** Supplied information follows **

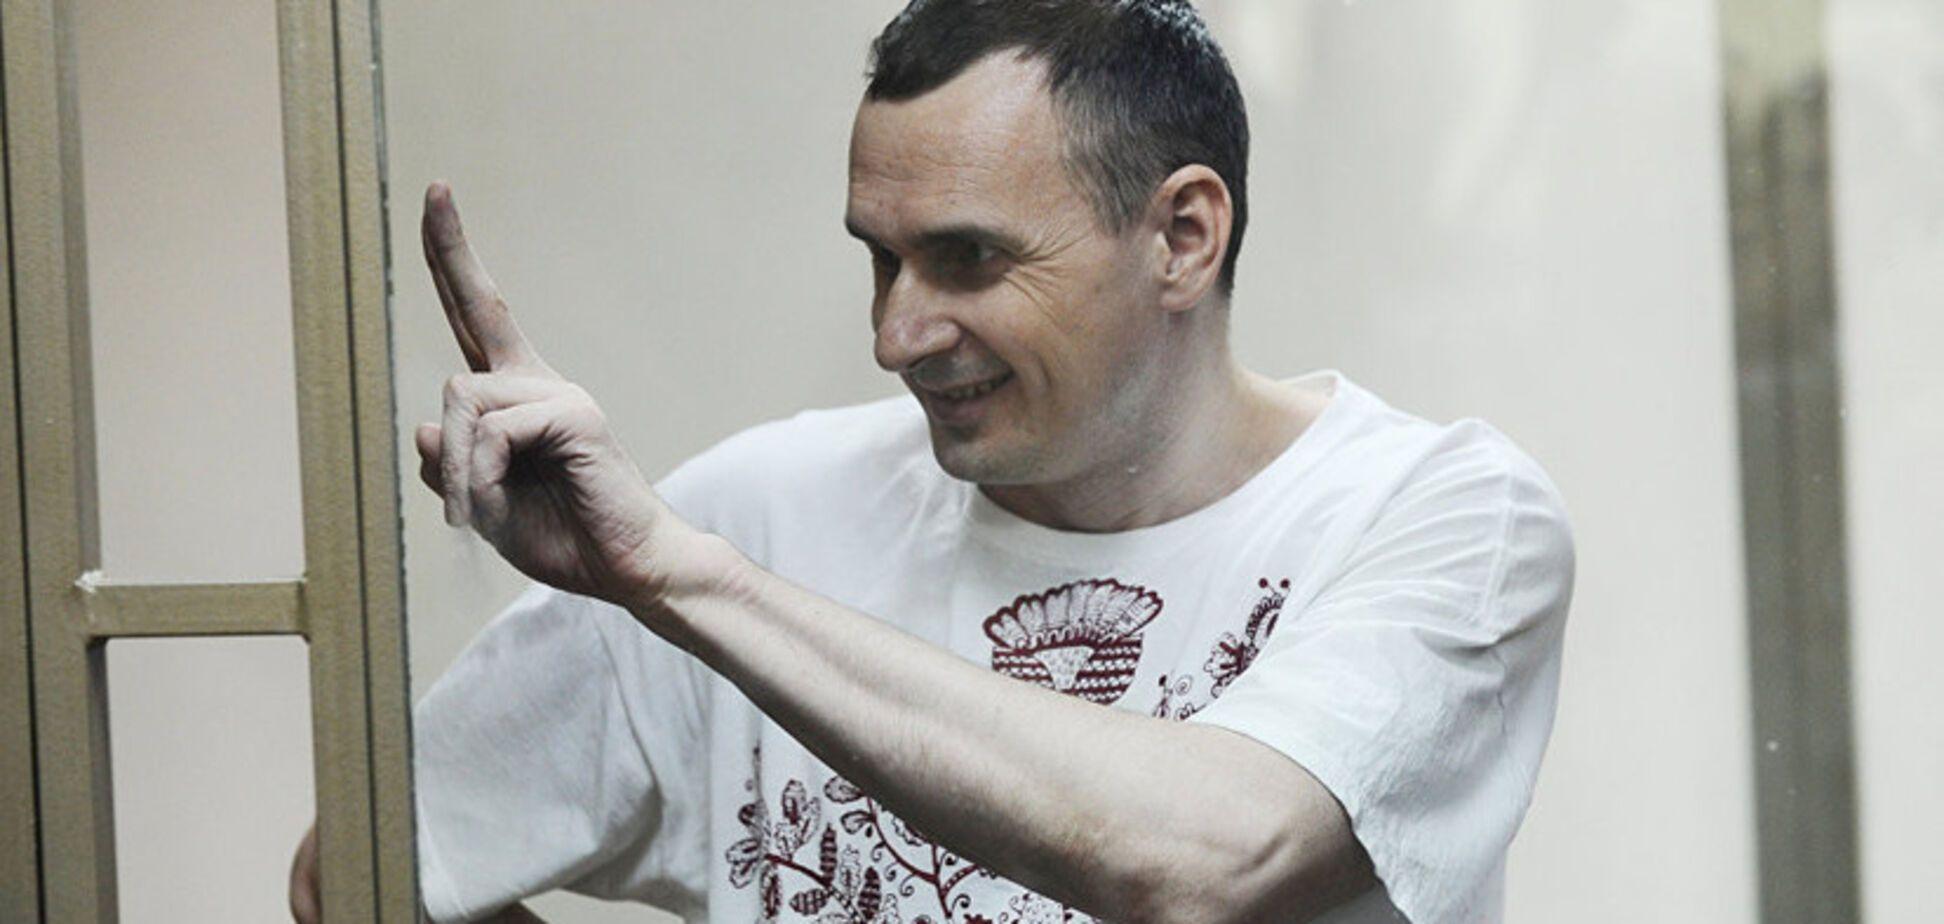 Выступали Макаревич и Ахеджакова: в Москве устроили концерт в поддержку Сенцова
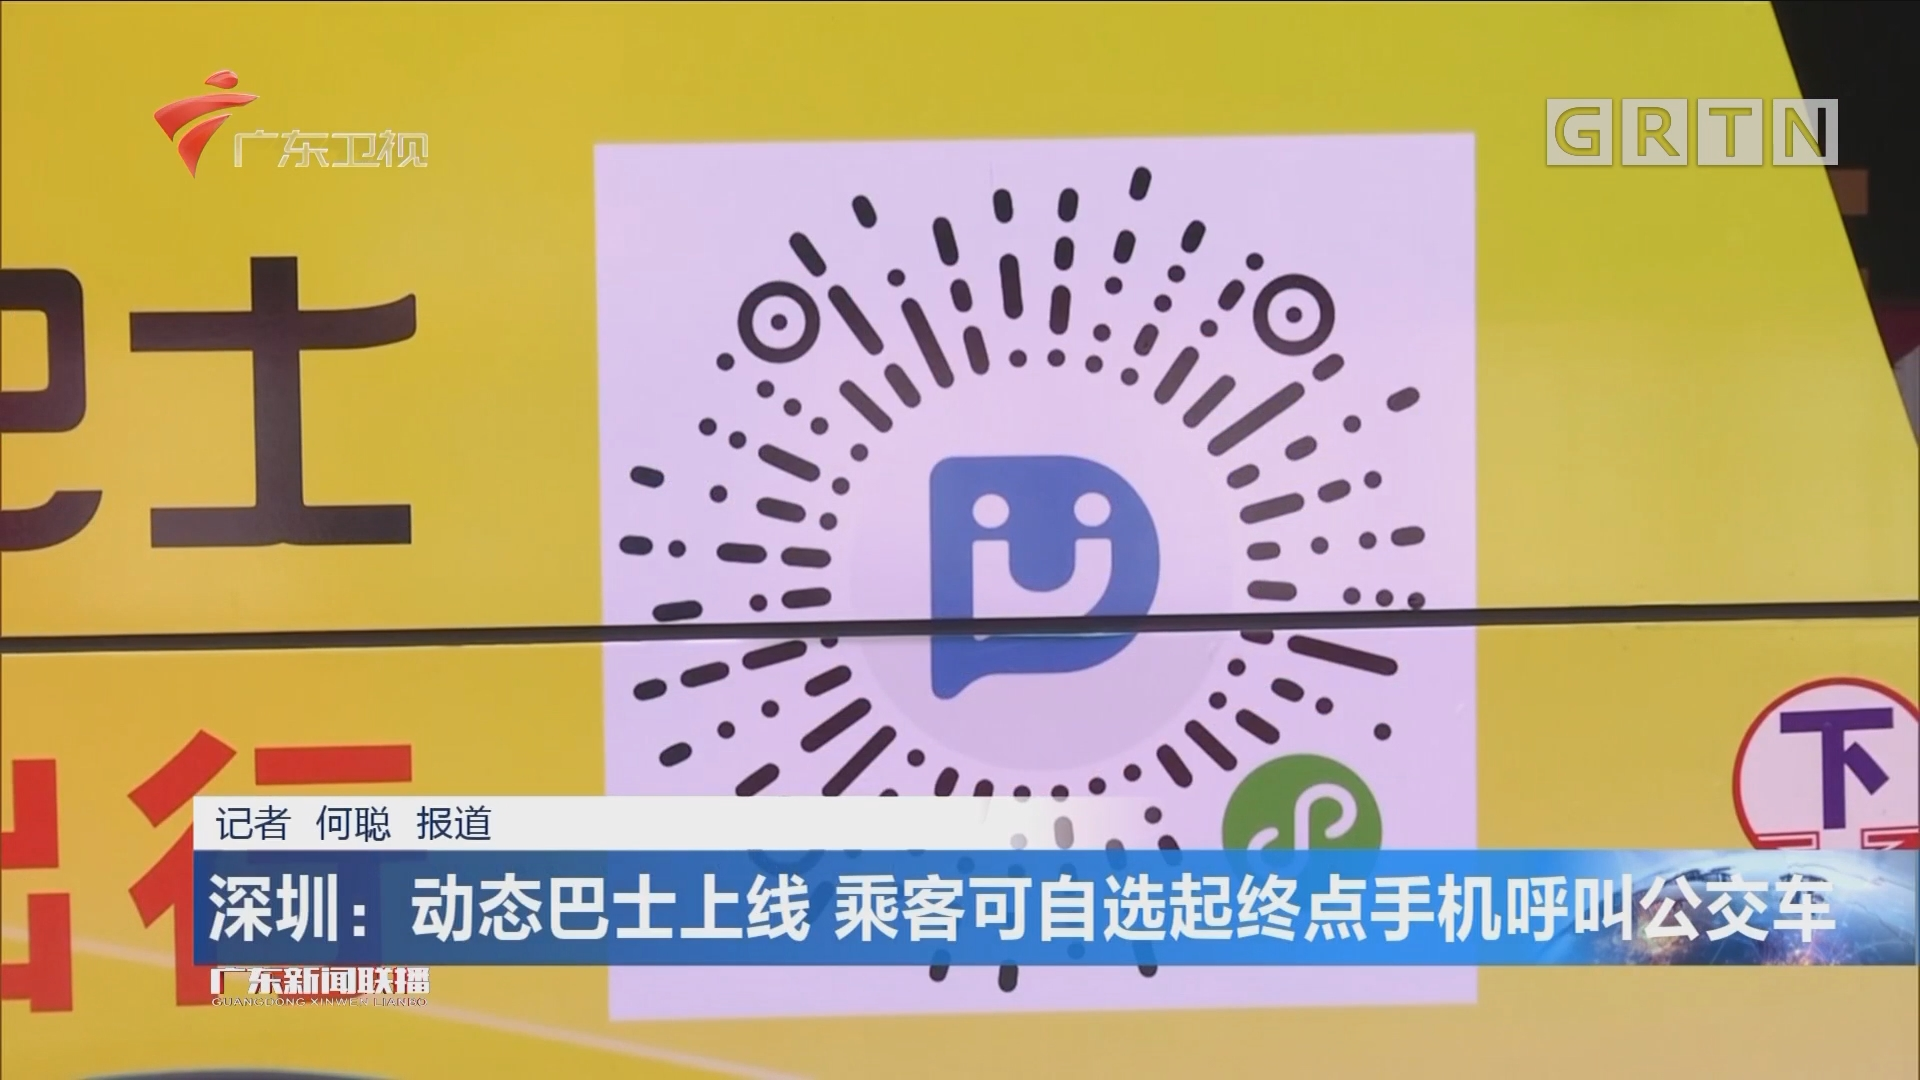 深圳:动态巴士上线 乘客可自选起终点手机呼叫公交车
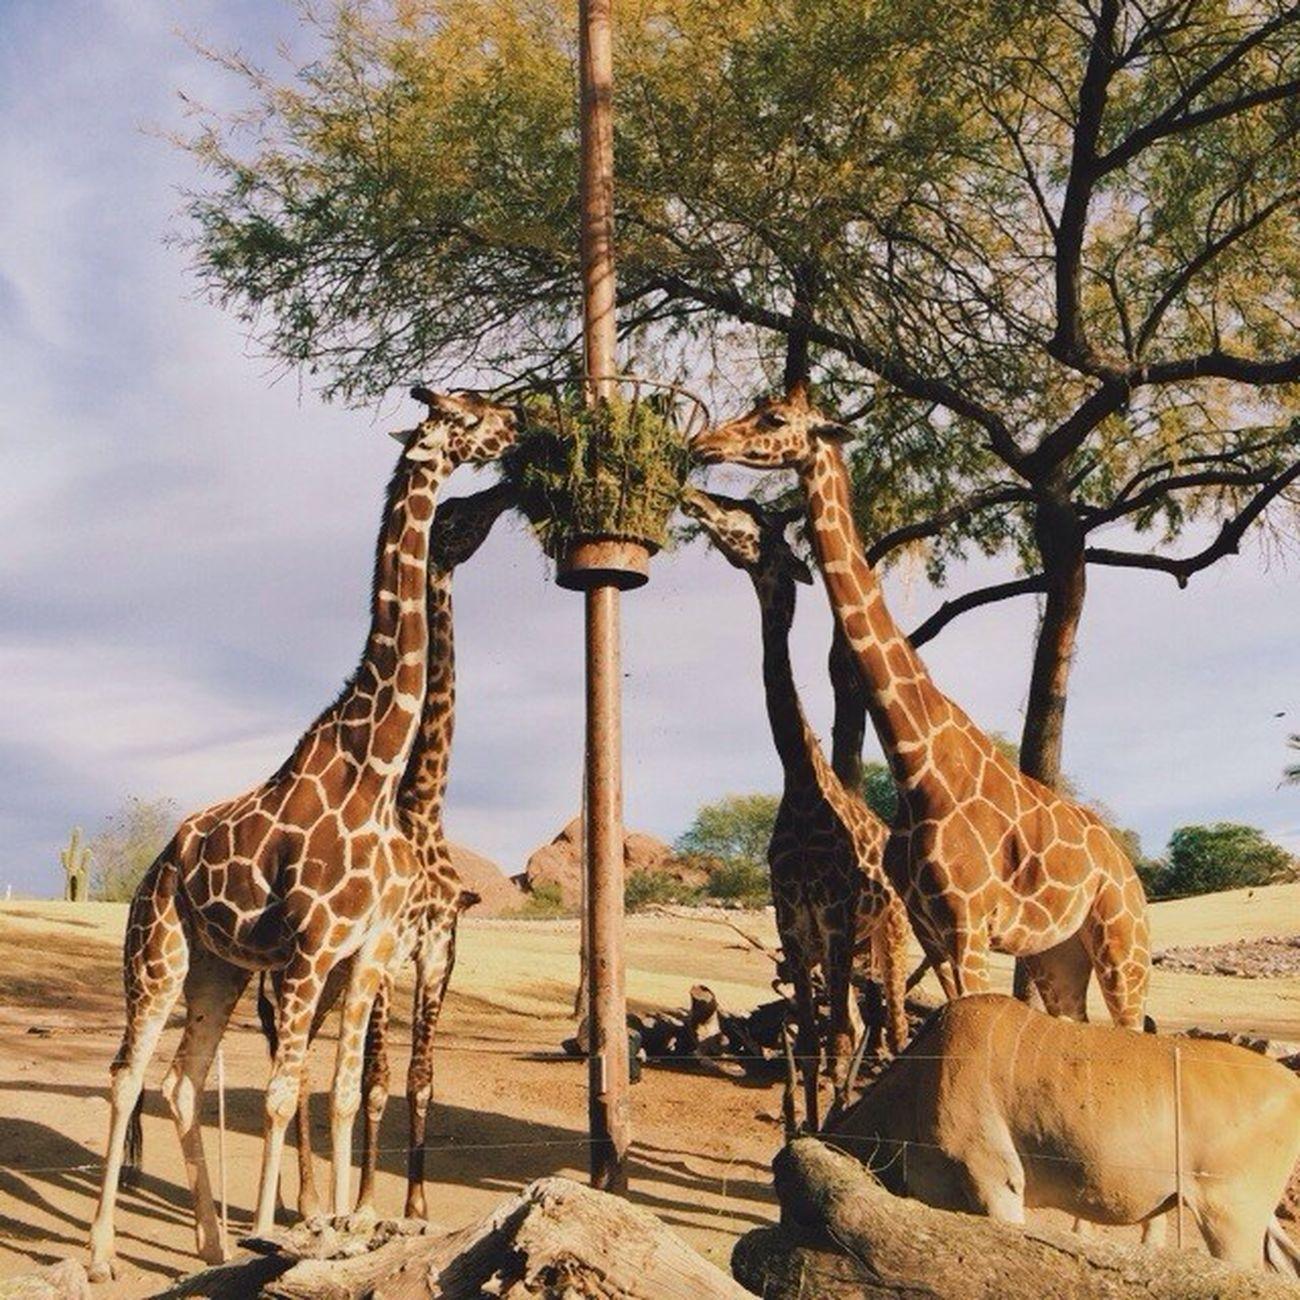 Vscocam VSCO Vscoarizona Instagramaz arizona phoenix giraffe zoo

** End of Supplied information **

**Problem description**
The answer is the full listing above, repeated exactly, with its pictures removed.

**Solution to this task**
 Выступали Макаревич и Ахеджакова: в Москве устроили концерт в поддержку Сенцова
 深圳:动态巴士上线 乘客可自选起终点手机呼叫公交车
 Vscocam VSCO Vscoarizona Instagramaz arizona phoenix giraffe zoo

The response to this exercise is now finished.